I want to understand how this sum has been simplified:
$$\sum_{k=2}^{n} \big( \frac{3}{2} \big)^{k-1} = \sum_{k=1}^{n-1} \big( \frac{3}{2} \big)^{k} = \sum_{k=0}^{n-1} \big( \frac{3}{2} \big)^{k}-1 $$ (Up until here I understand how the indexes have been shifted).
But how is this
$$= \frac{1-(\frac{3}{2})^n}{1-\frac{3}{2}} - 1 = -2 \cdot \big(1- \big( \frac{3}{2} \big)^n \big)- 1 = \frac{3^n}{2^{n-1}} -3$$
Can someone explain what happened in these last $3$ steps?

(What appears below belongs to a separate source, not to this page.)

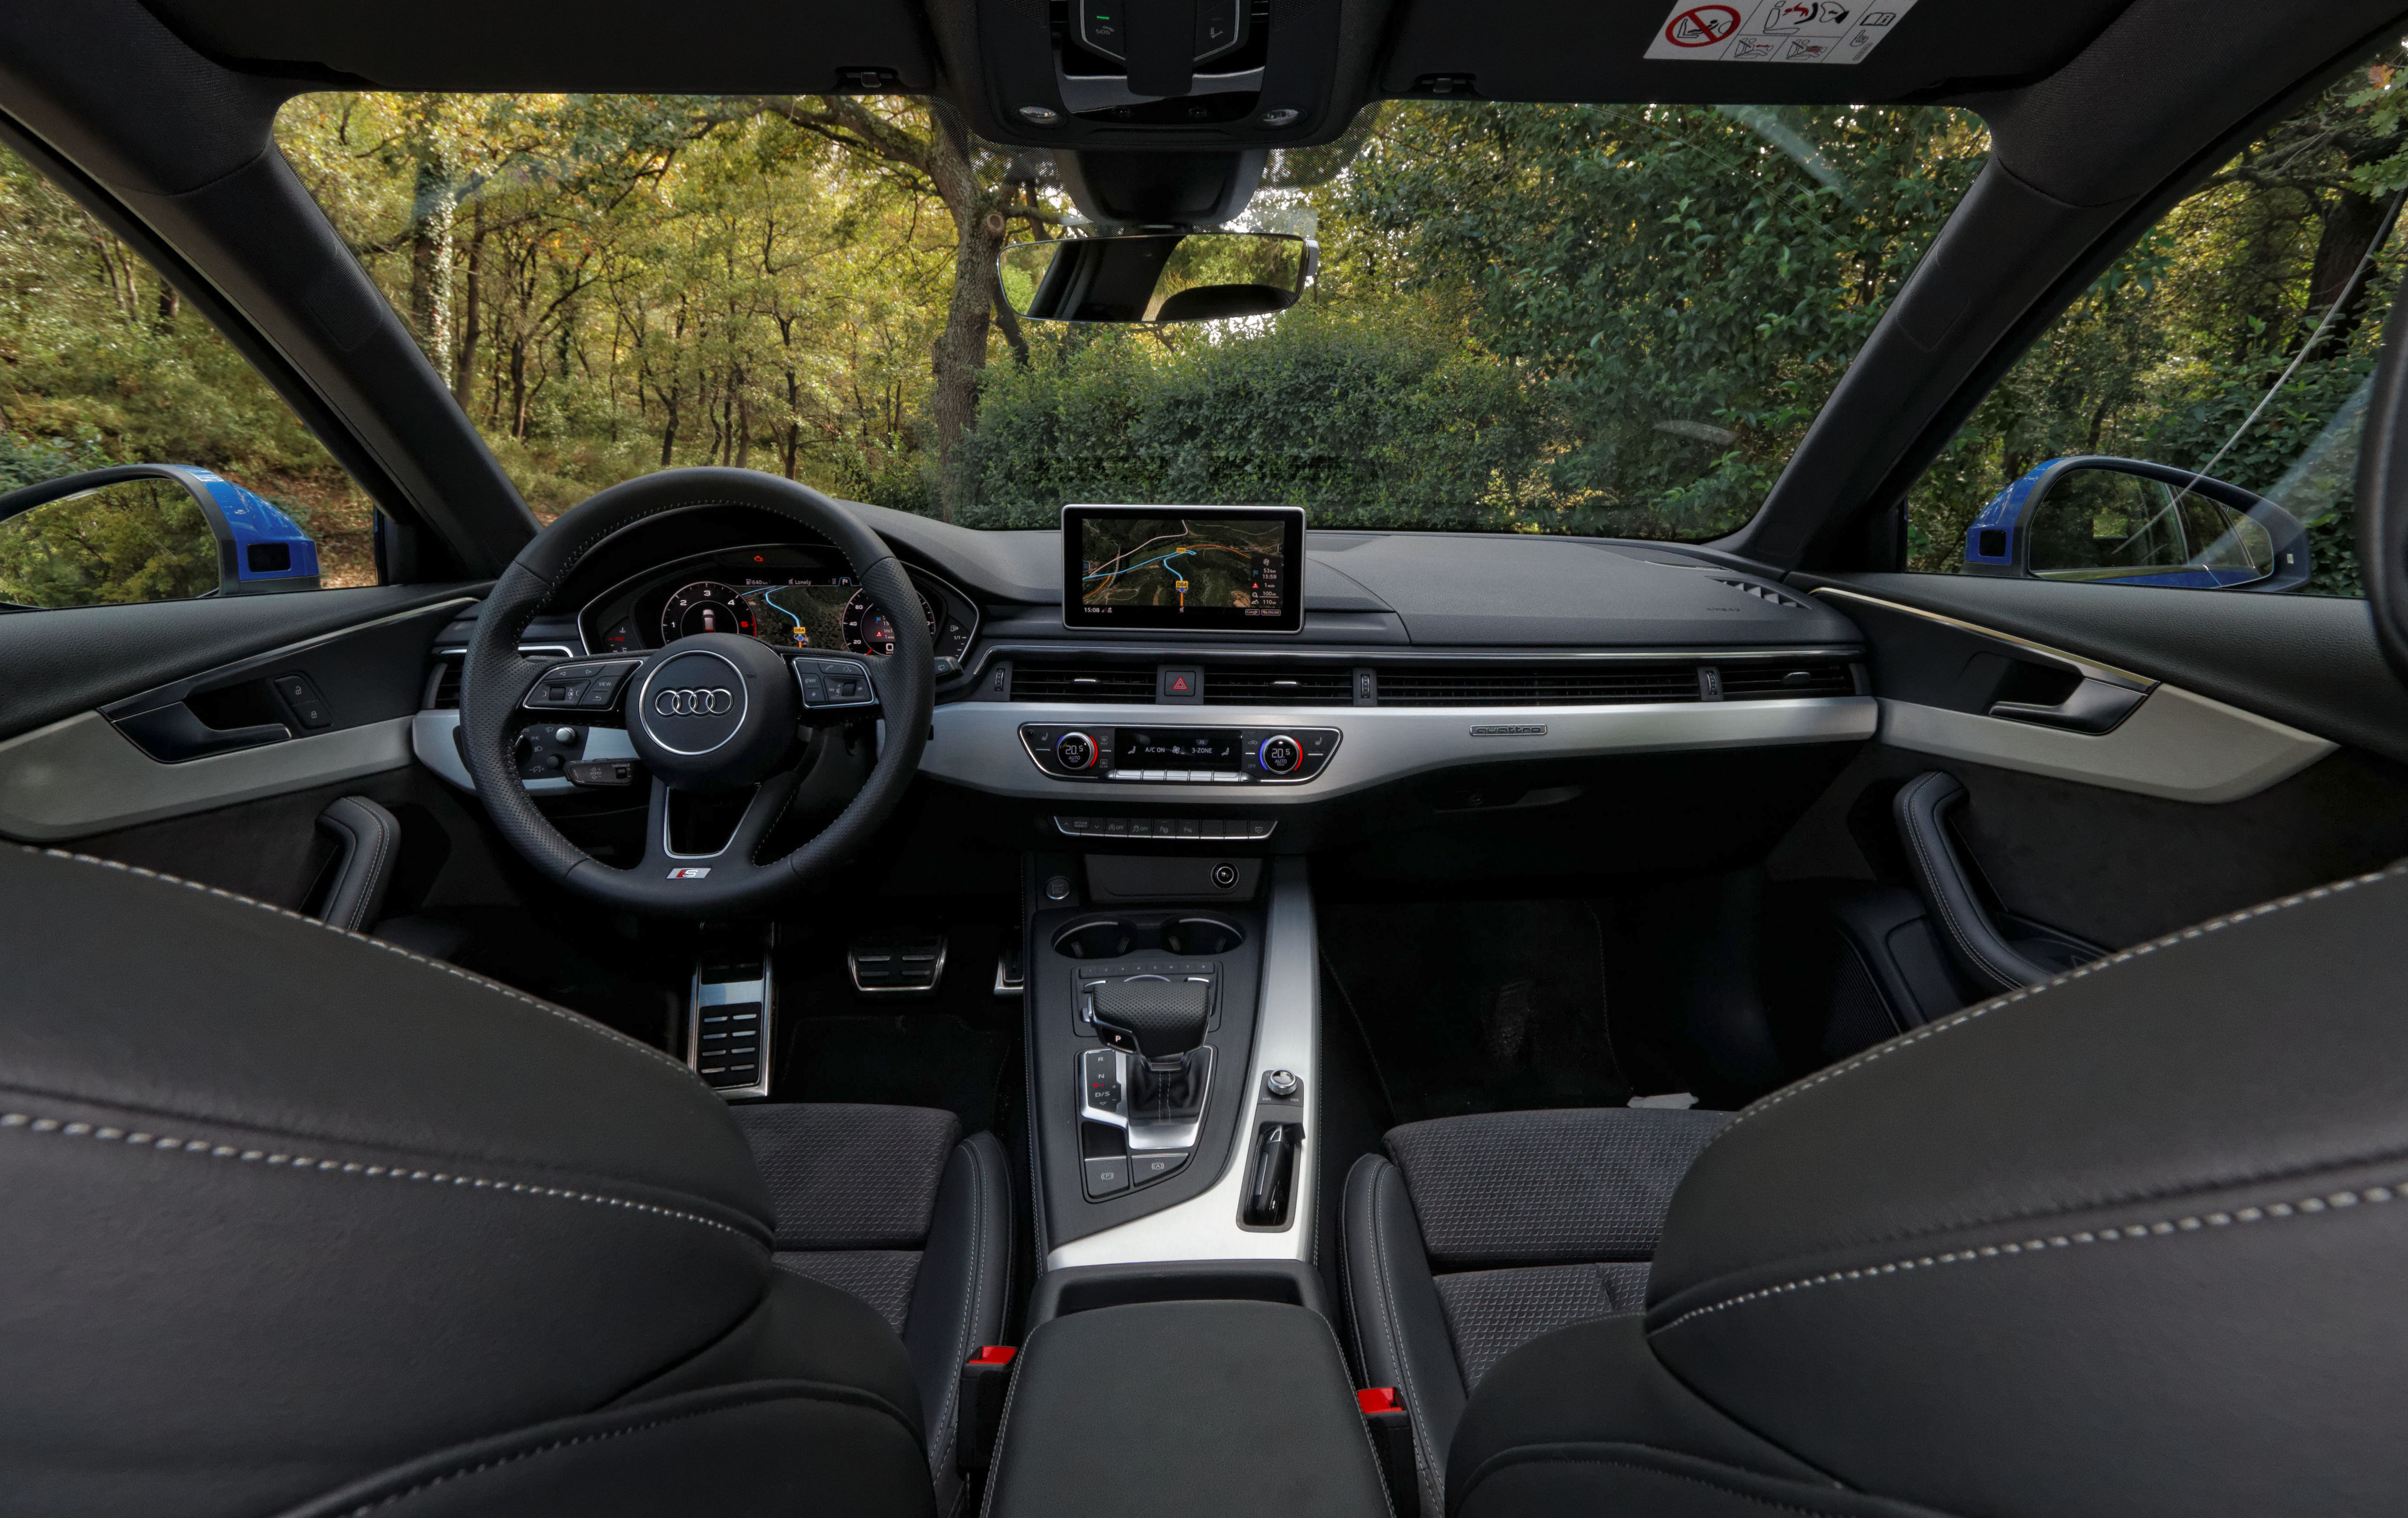 Essai Vid 233 O Audi A4 Avant Apparences Trompeuses

The first step is just the sum of a geometric series. We have $$1+a+a^2+\dots+a^{n-1}=\frac{a^n-1}{a-1}$$ That is easy to prove: suppose the sum is $S$. Then $aS$ is the same as $S$ except for the addition of the term $a^n$ and the deletion of the term 1, so subtracting we get the result.
The second step is that dividing by $1-\frac{3}{2}$ is the same as multiplying by $-2$.
The third step is just multiplying by $-2$ and noting that $-2-1=-3$.